▸ **Exercise prompt**:
Copy the data that follows exactly. Include no pictures.

▸ **Collected material**:
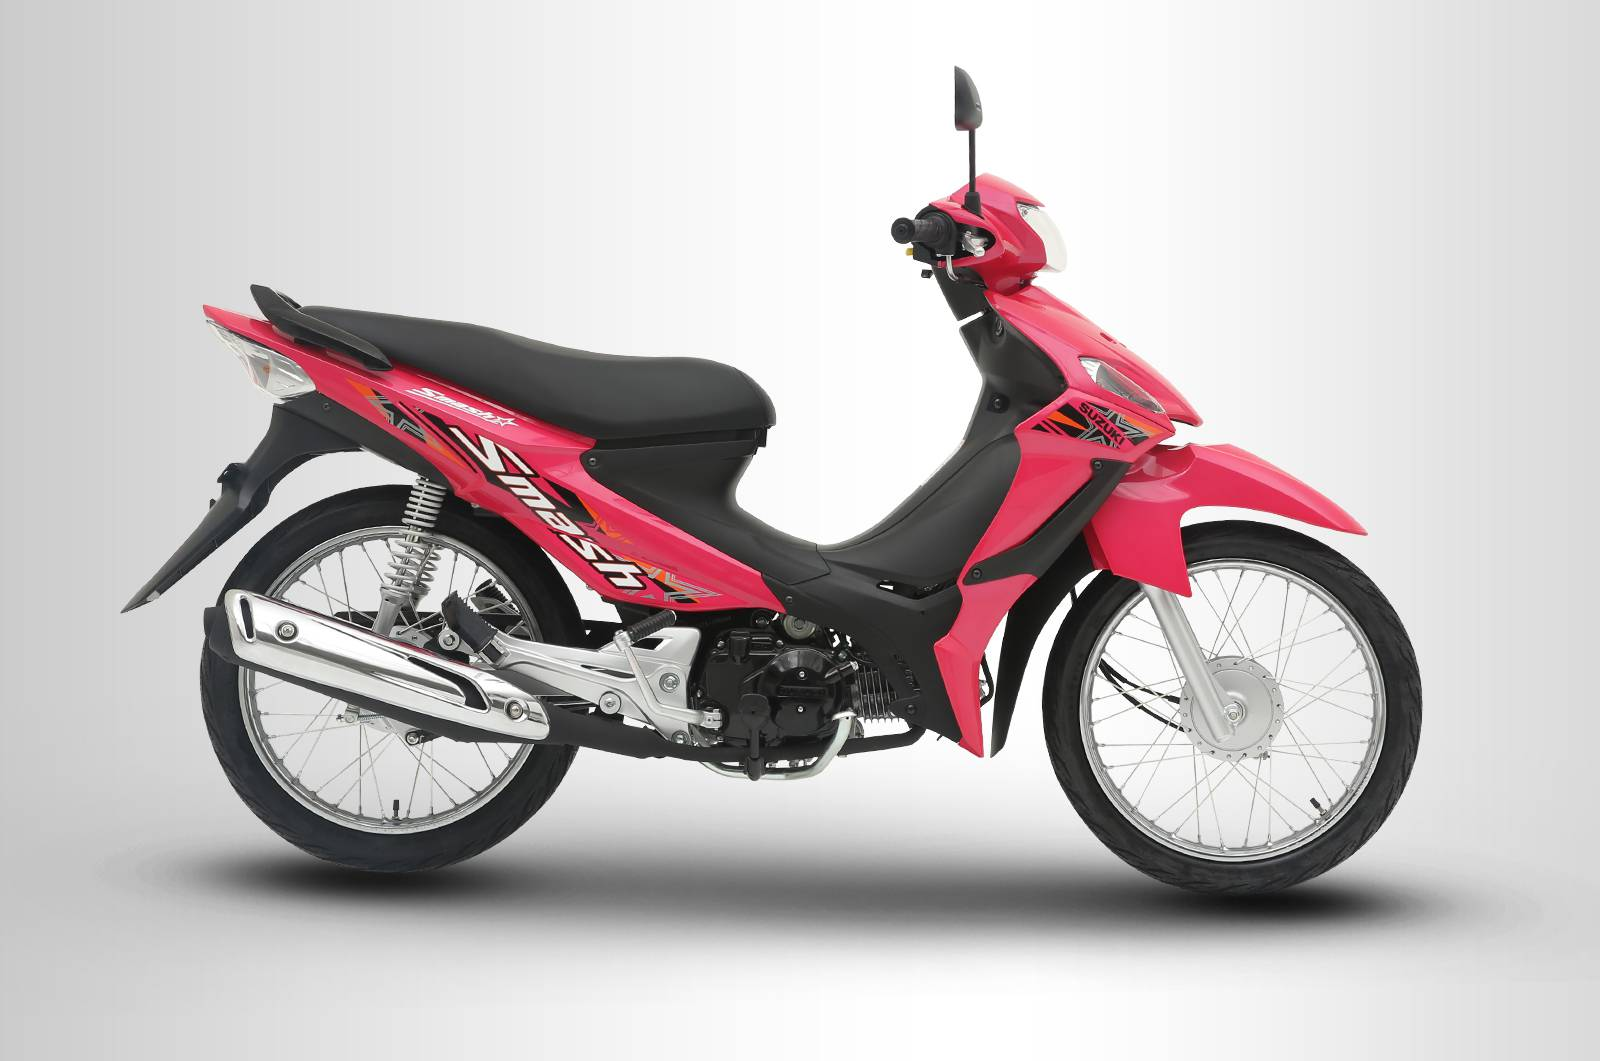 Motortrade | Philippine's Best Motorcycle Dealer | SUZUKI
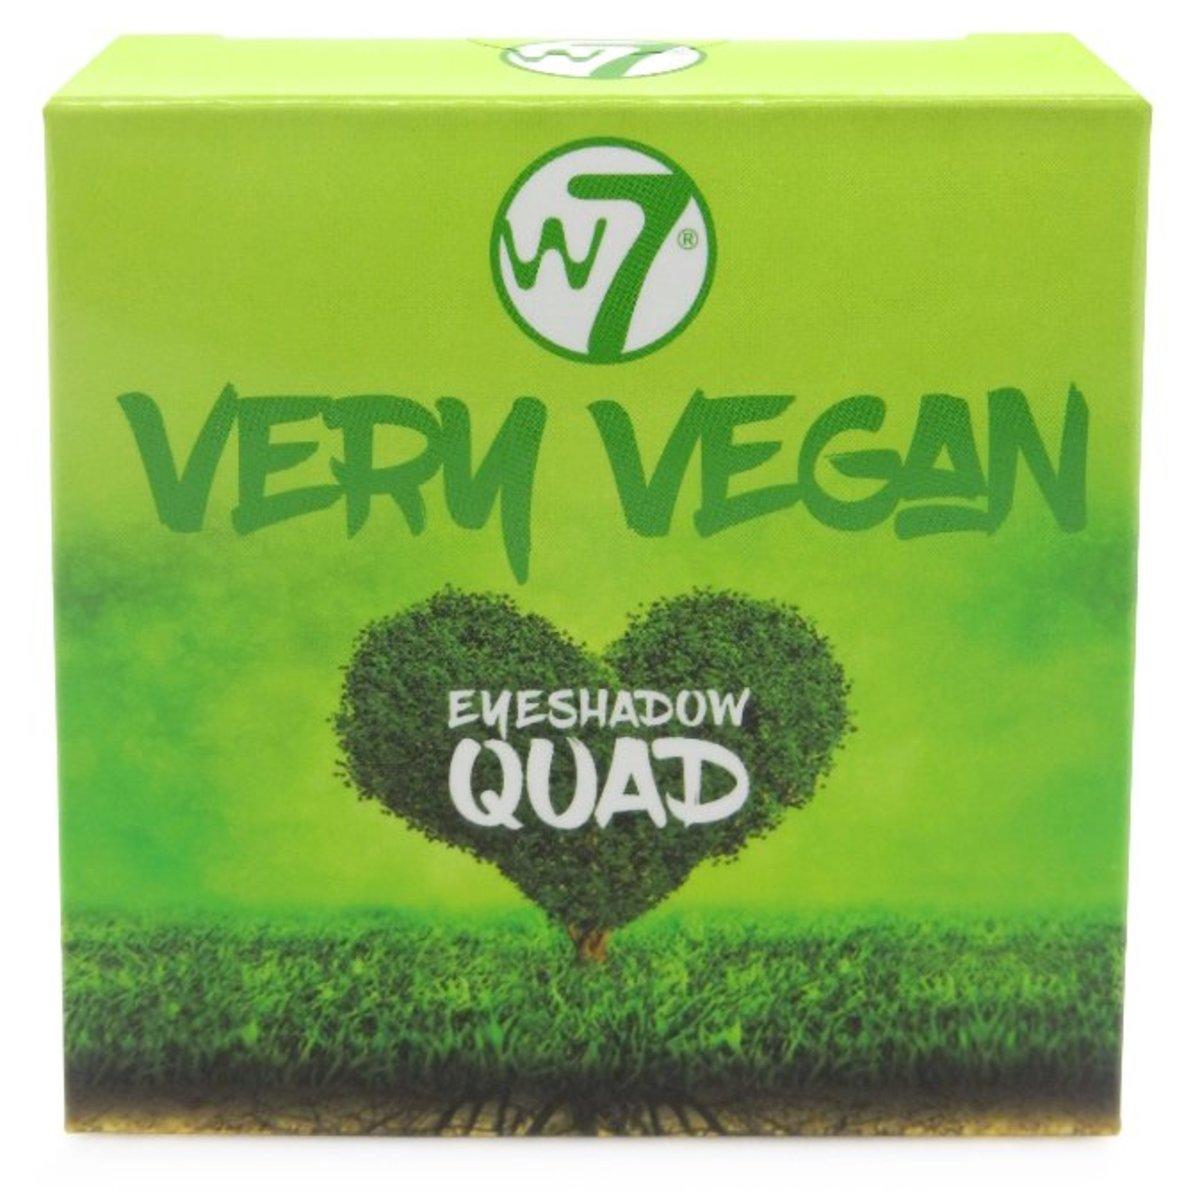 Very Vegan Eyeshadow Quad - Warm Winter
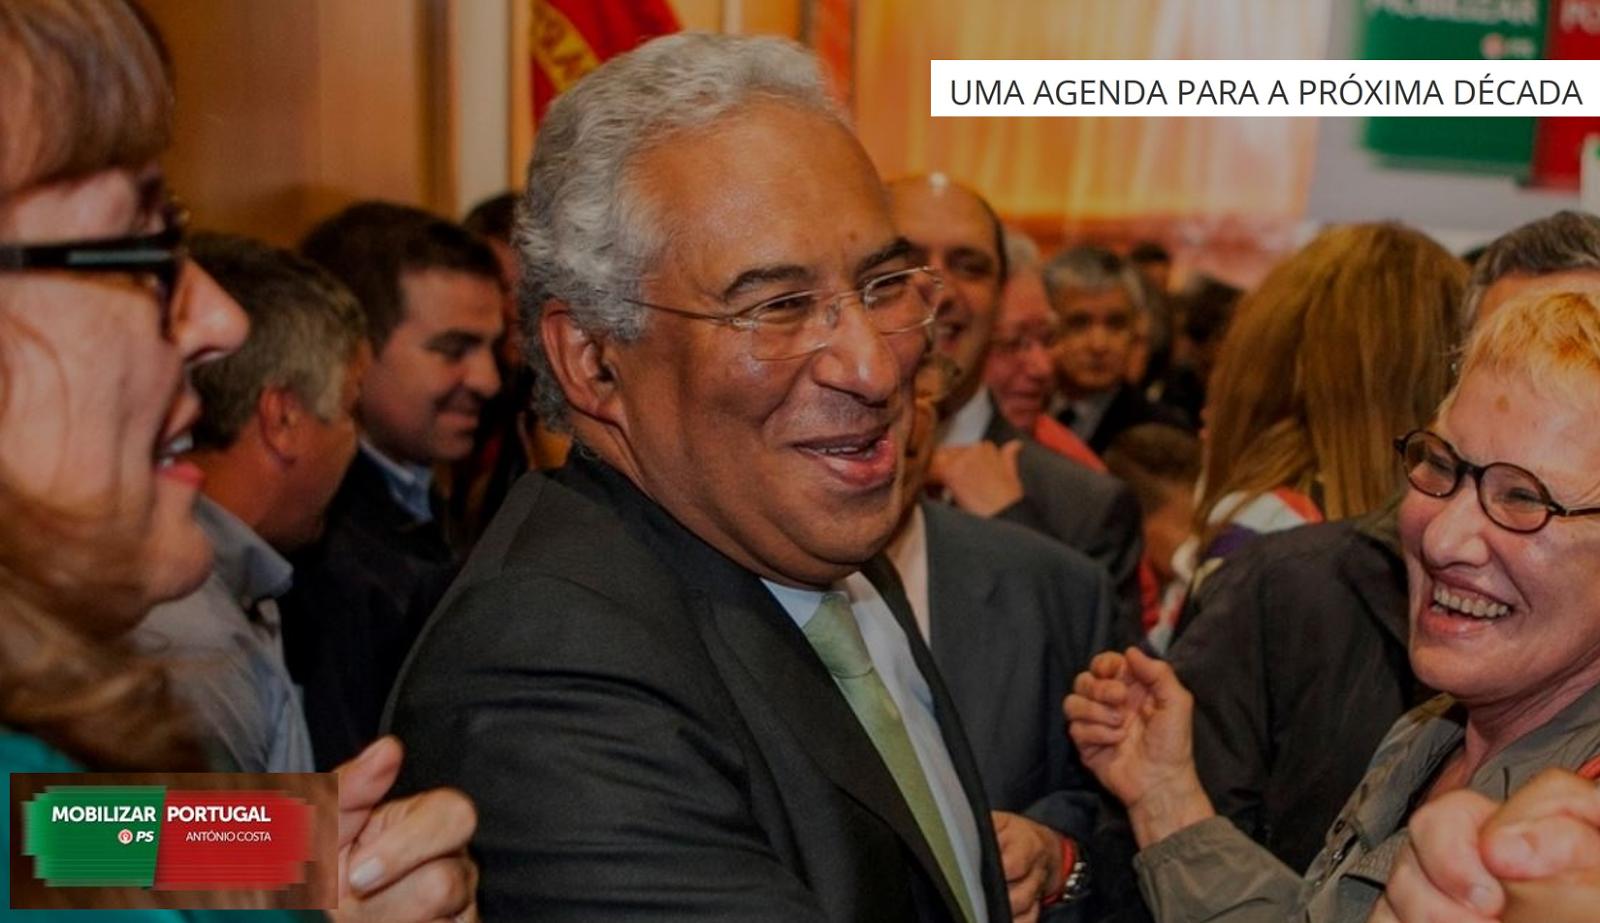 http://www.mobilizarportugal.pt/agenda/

▸ **Problem solution**:
 Motortrade | Philippine's Best Motorcycle Dealer | SUZUKI
 Very Vegan Eyeshadow Quad - Warm Winter
 http://www.mobilizarportugal.pt/agenda/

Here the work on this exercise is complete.